In the last few years, runaway production has become a serious problem to the tens of thousands of Southern Californians who earn their living in the motion picture industry. One big reason for the runaway is that other states have realized the enormous economic benefits from having movie companies work in their areas. They have set up very effective state and local film commissions, which spend big bucks advertising in Hollywood trade publications to lure even bigger Hollywood bucks to their doorsteps.
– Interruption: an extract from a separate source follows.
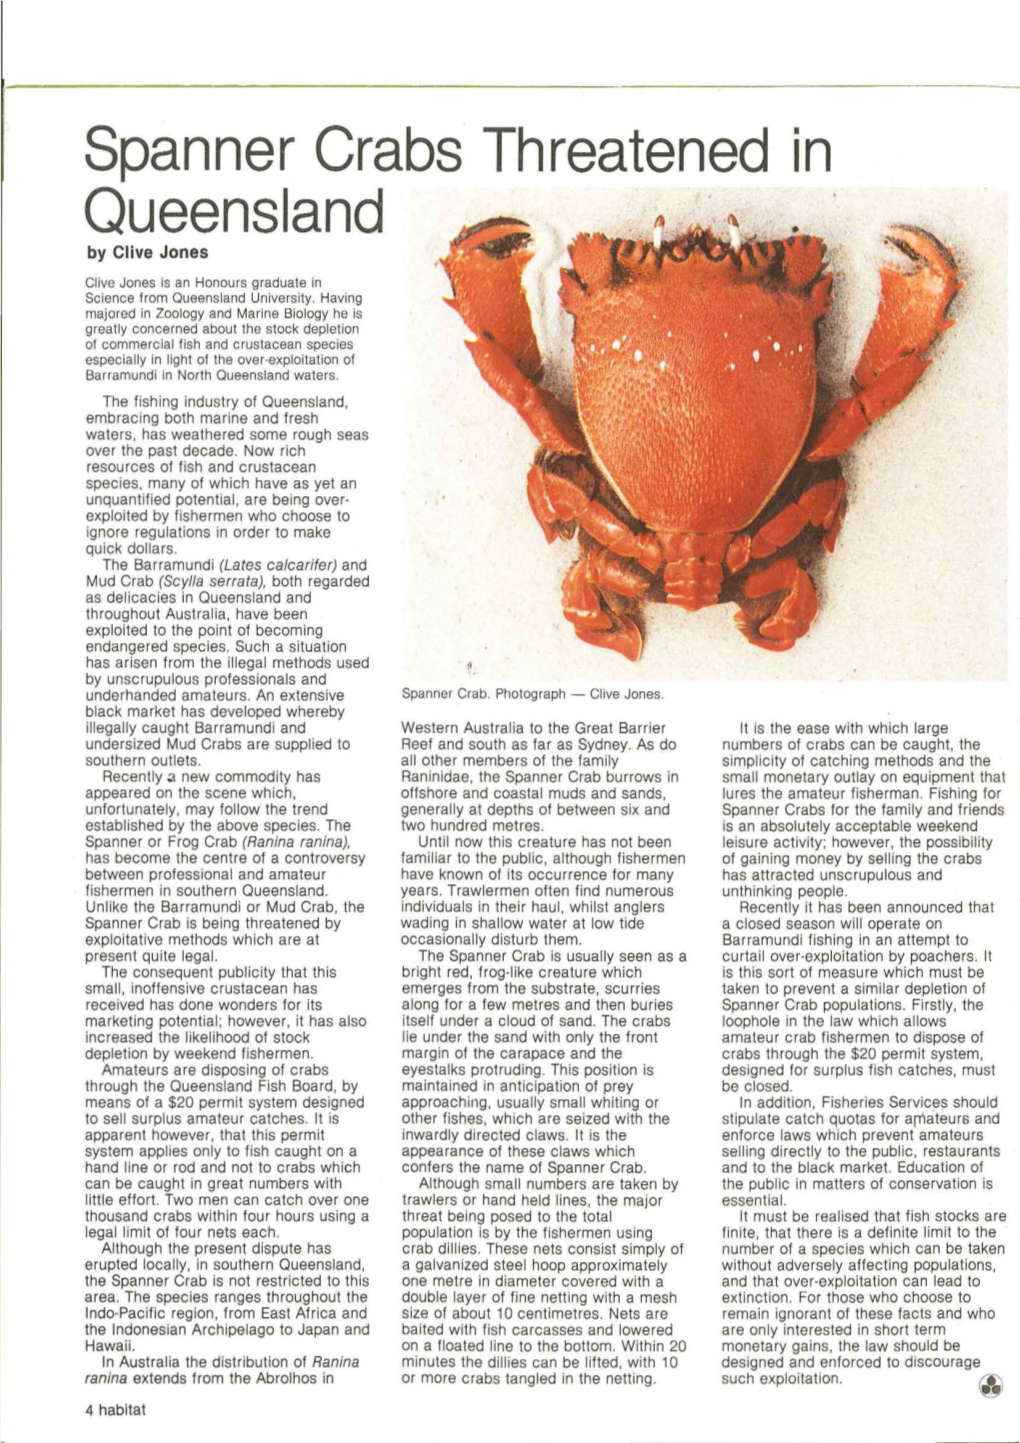 Spanner Crabs Threatened in Queensland by Clive Jones

They roll out the red carpet in every possible way to woo our film industry away from California. They provide free location scouting services, one-stop filming permit services (or no permit requirements at all), cheap or even free police and fire protection. In short, they do everything possible to make the industry feel welcome and to make it easy for films to be made. They have done a very good job of it too! But, ironically, they have received much free help from our own state and local governments, due to the kind of restrictive attitude expressed in your editorial.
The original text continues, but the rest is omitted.